AMY GOODMAN: Finally, Specialist Joseph Darby. Who is he?
SEYMOUR HERSH: Joseph Darby was one of the guys in the 372nd company who went home on an extended leave and came back to the unit in January and by that time, look, in my generation Vietnam, I was in the army before Vietnam, we had our little pictures of whatever it was — everybody had some kind of photograph they hid behind the sock in the drawer. This is a new generation; we’re all a new generation. And everything was passed around, all those photographs that everybody finds so heinous now, they were pretty excited about it and they were passing them around on cd roms. So he gets back and he gets a cd rom and the army tried to recover some of that and I have to tell you if that whole panoply of what’s on that cd rom ever got out as bad as it is now, it’d be much worse.
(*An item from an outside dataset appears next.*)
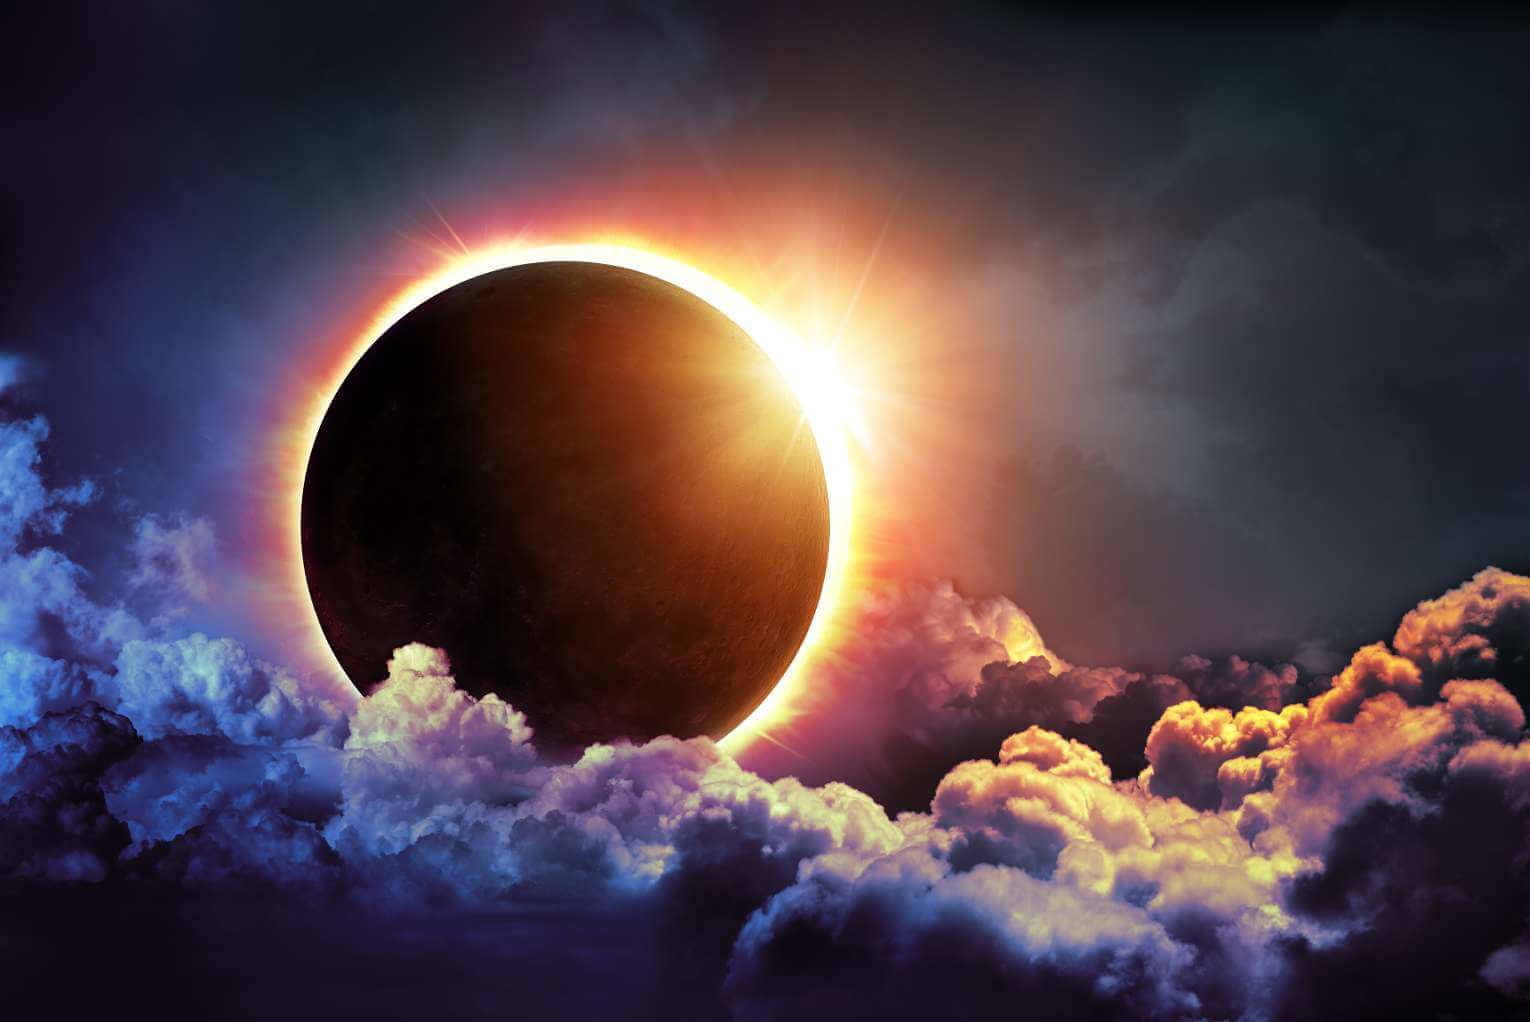 Solar Eclipse Is Proof of a Loving Creator

Anyway, he saw it and really was appalled, unlike the others, he was appalled. And look the judgment these kids used was horrible, some of them beat prisoners, they weren’t killing people, that was being done on the other side.
They were making fun of them they were having a lot of sport with them. And part of me says yes, God, how stupid and they should be punished and the other part of me says we send these guys from rural parts of America into the army and we have an all volunteer praetorian guard and the officers then become local parentis. They really become the father and mother figures for these children. And the idea that these children were so unsupervised and that everybody can go around, including Karpinsky and say I’m so horrified and nobody’s going to say my god, that I fail as an officer. I felt the captain’s generals not only officers, they all failed. You have an incredible institutional breakdown that’s what Taguba’s reporting about. I’m not inventing phrases. This is what he said. And then you have the Chairman of the Joint Chiefs of Staff go on TV two days after this is a wild issue for the world and say I haven’t read the report. Just more evidence of an institutional breakdown. We really have a problem.
AMY GOODMAN: Seymour Hersh, I want to thank you very much for being with us.